* _DATASET_:

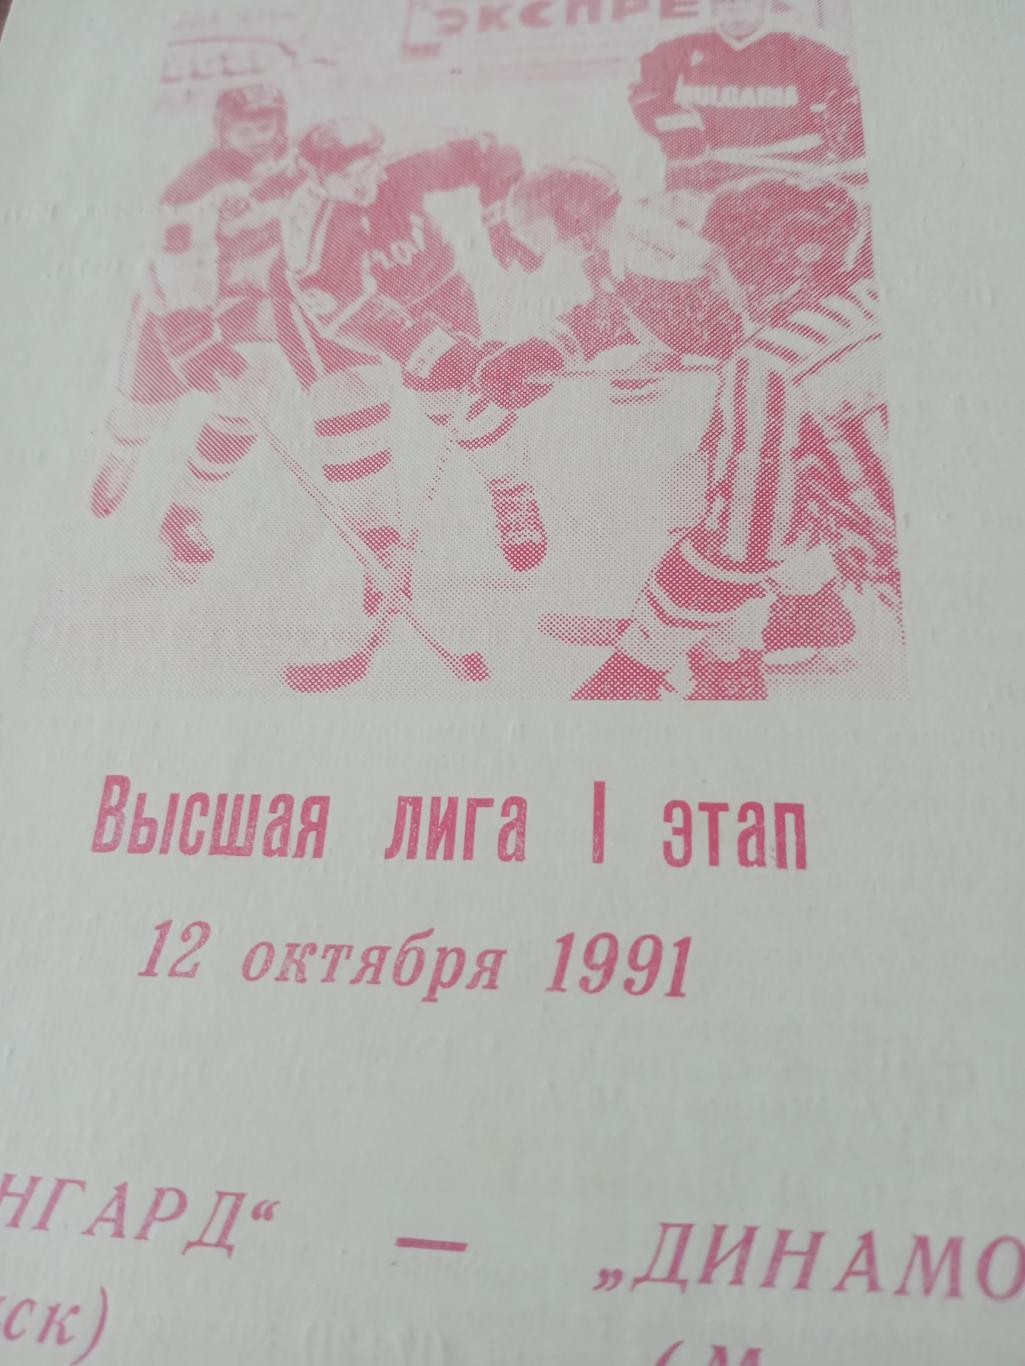 Авангард Омск - Динамо Москва. 12 октября 1991 год
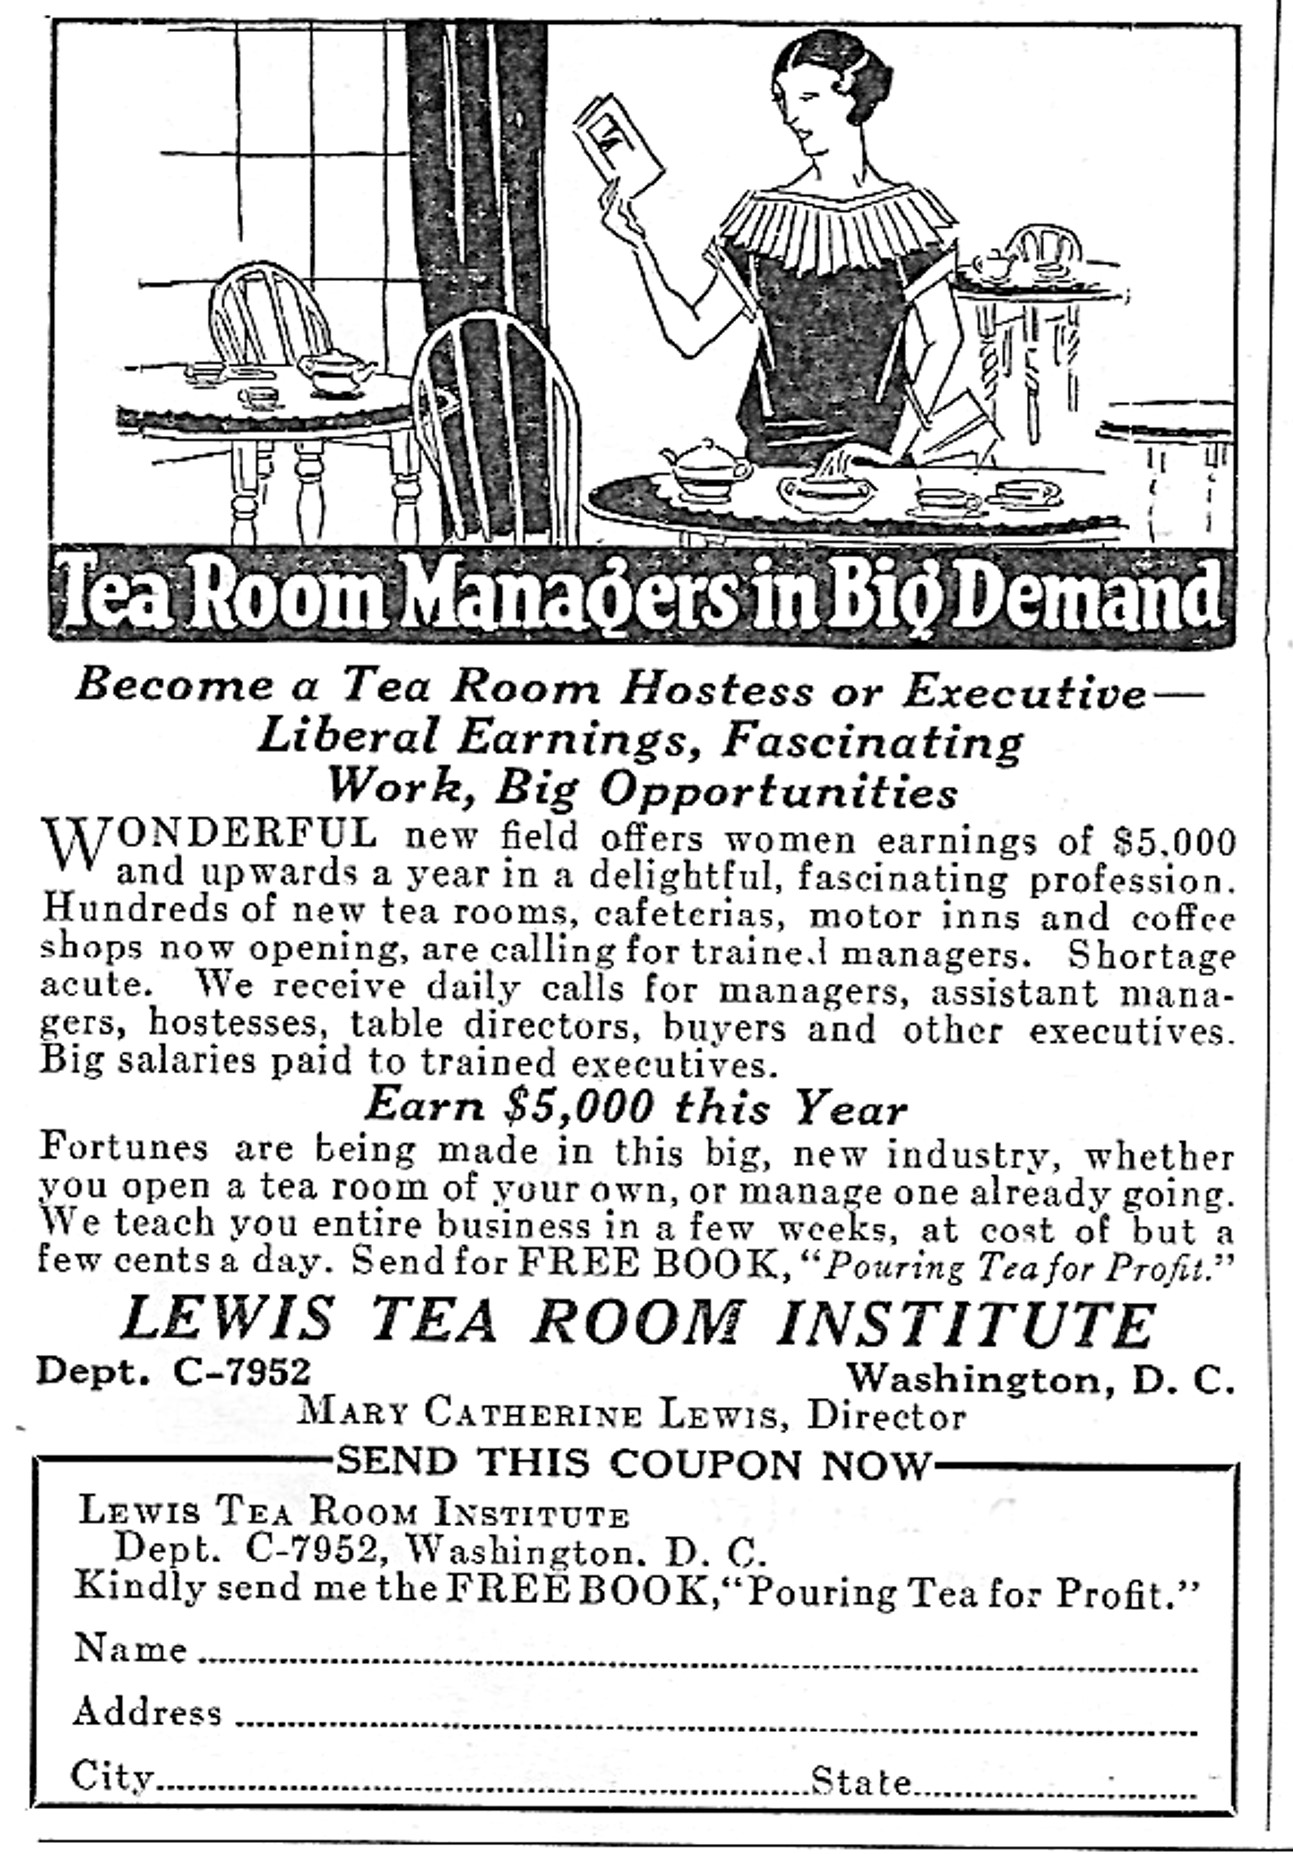 Advertisement for Lewis Tea Room Institute
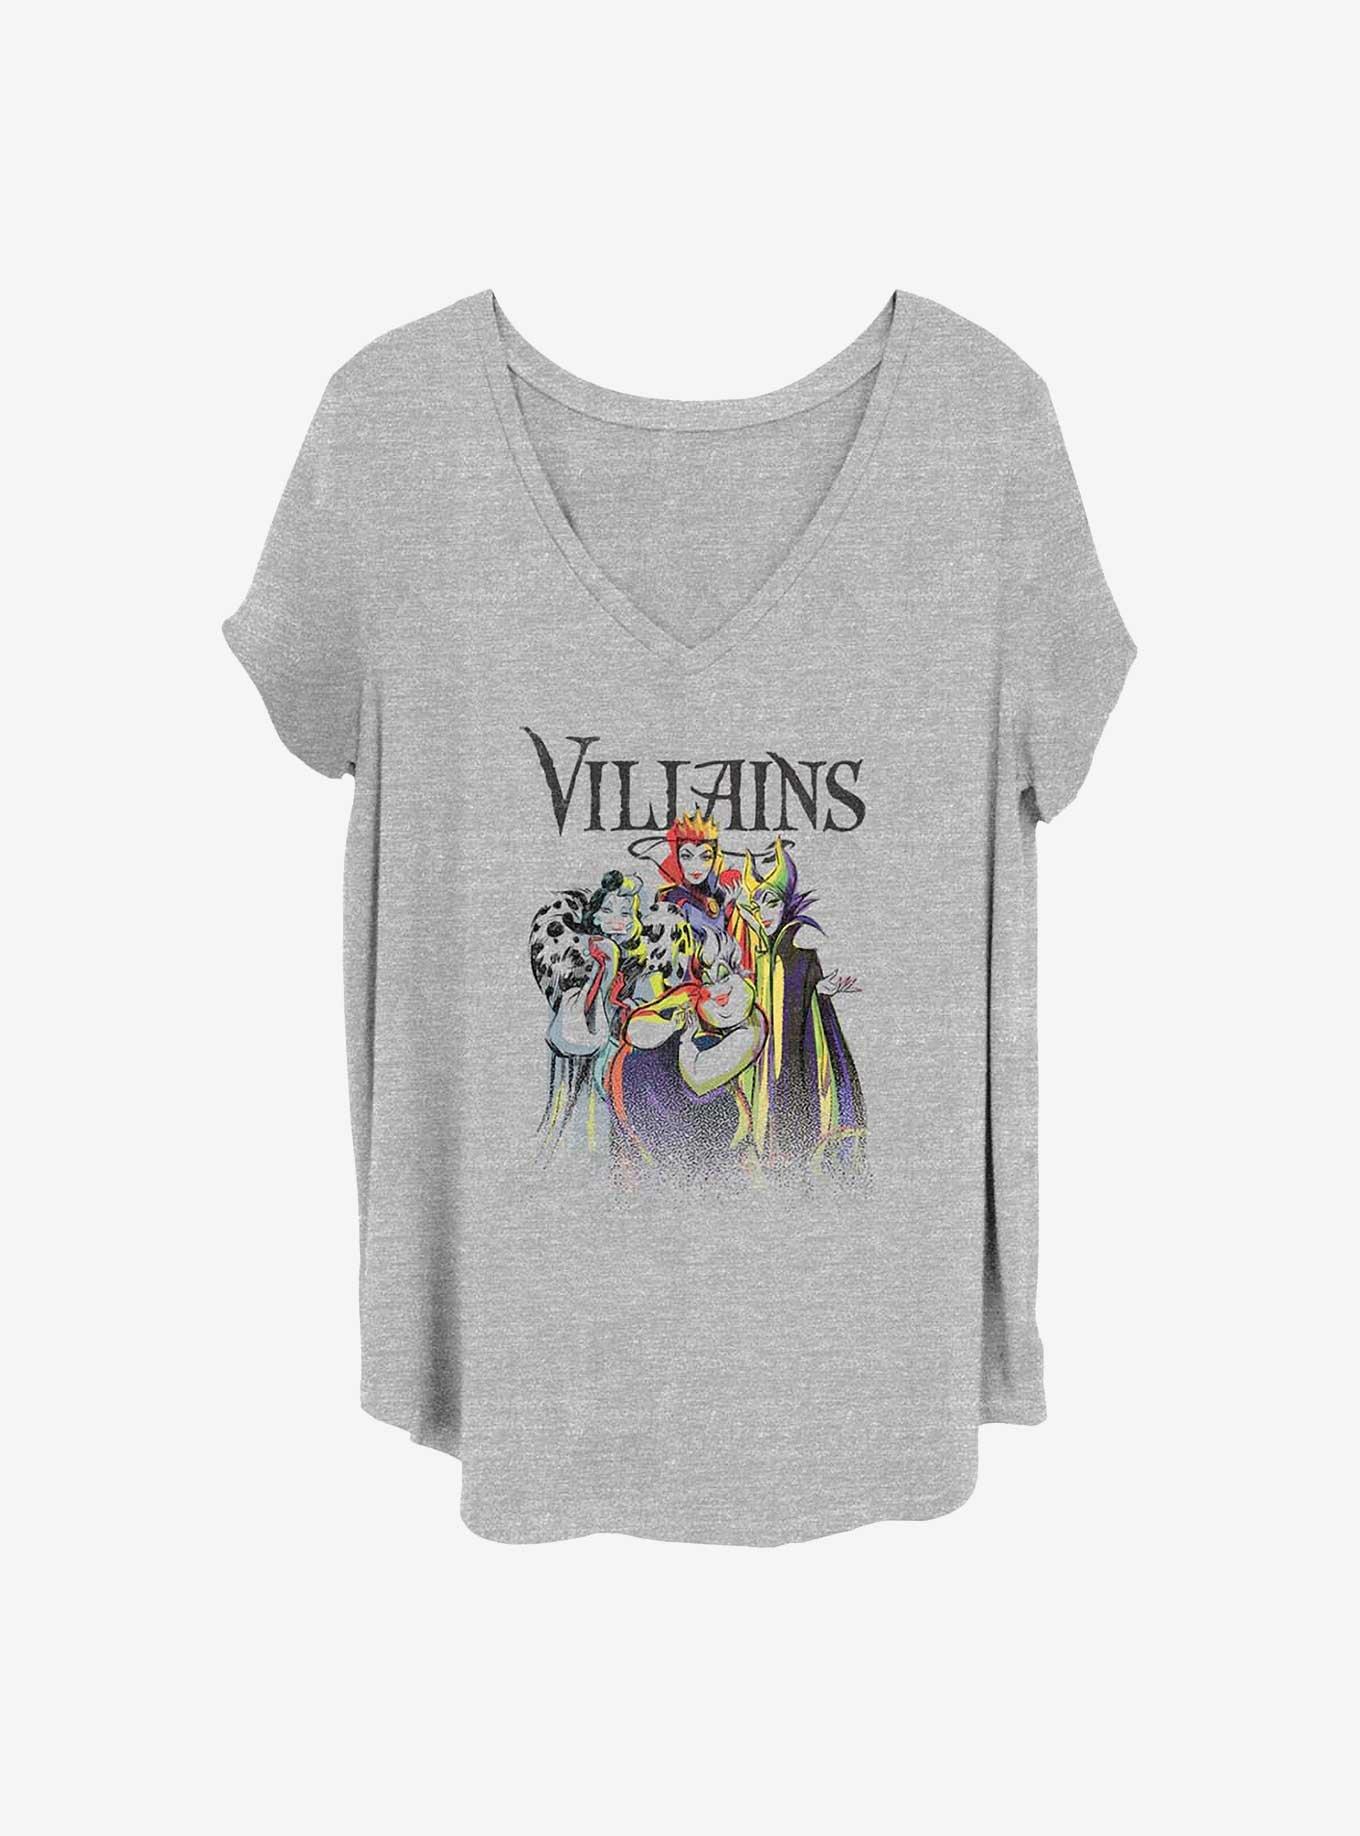 Disney Villains Villain Crew Girls T-Shirt Plus
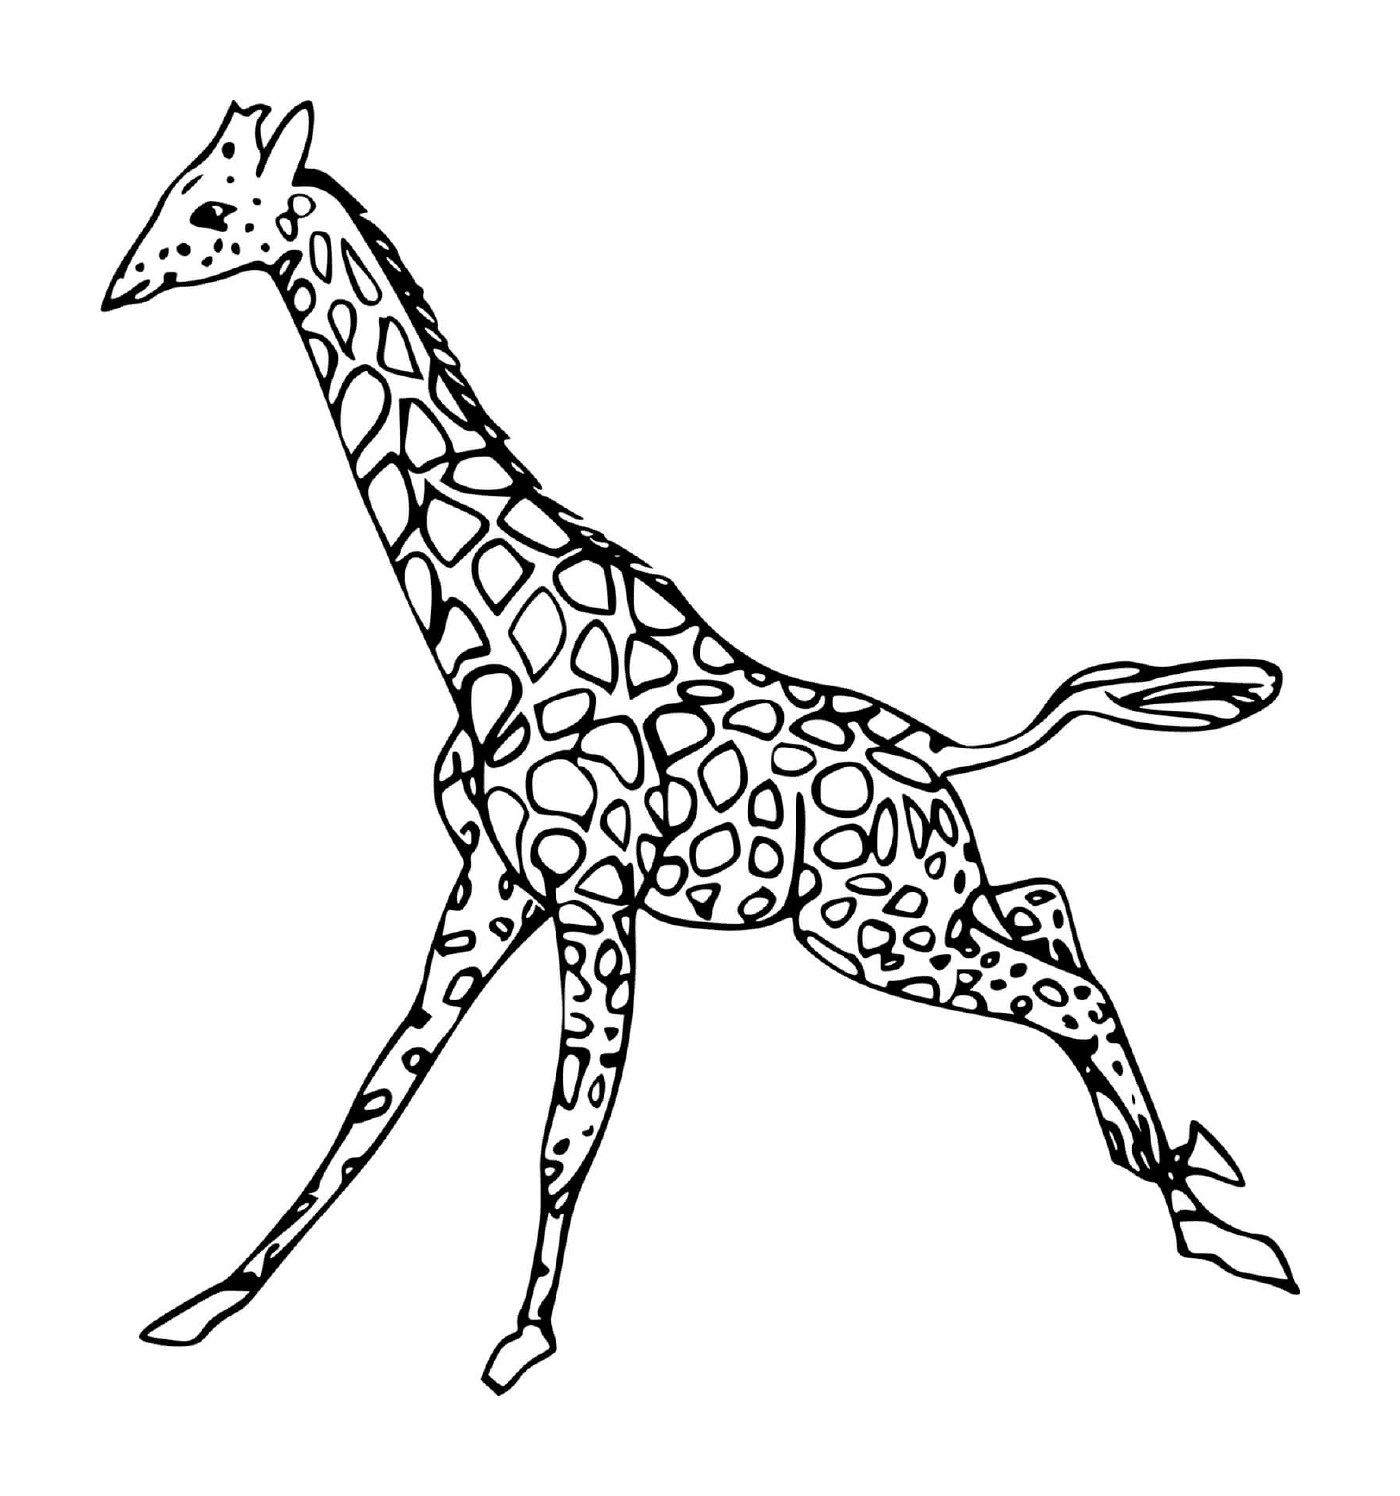  Girafe running 
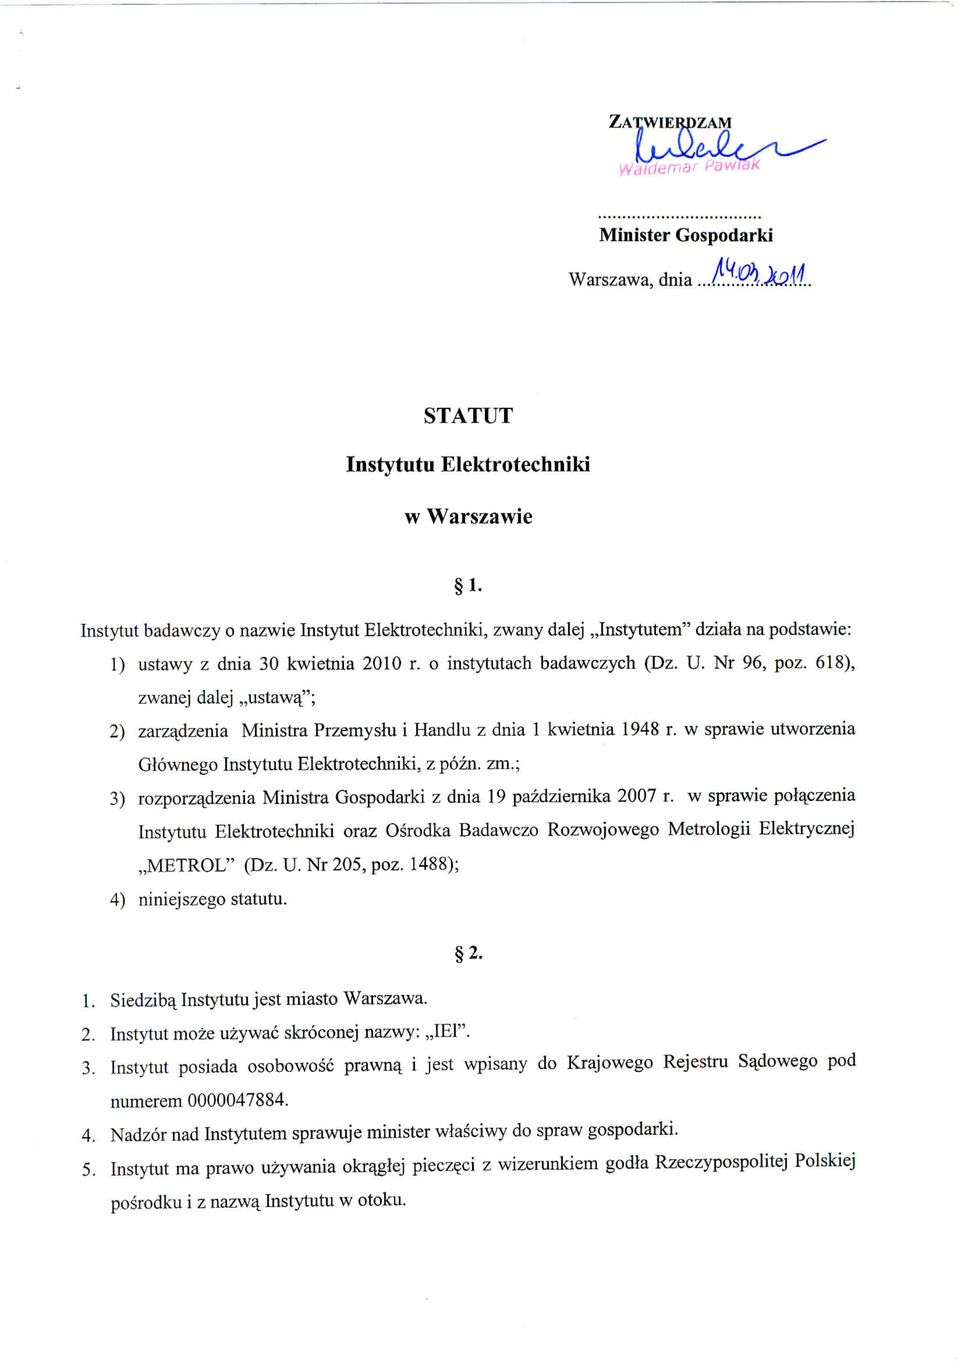 w sprawie utworzenia Glownego Instytutu Elektrotechniki, z pozn. zm.; 3) rozporzajdzenia Ministra Gospodarki z dnia 19 pazdziernika 2007 r.

* _WHAT YOU SHOULD DO_: Leave the pictures out, and please copy only the lines from the one with "Disney Villains Villain" through the end of the listing.

* _RESPONSE AREA_:
 Disney Villains Villain Crew Girls T-Shirt Plus
  Girafe running 
 w sprawie utworzenia Glownego Instytutu Elektrotechniki, z pozn. zm.; 3) rozporzajdzenia Ministra Gospodarki z dnia 19 pazdziernika 2007 r.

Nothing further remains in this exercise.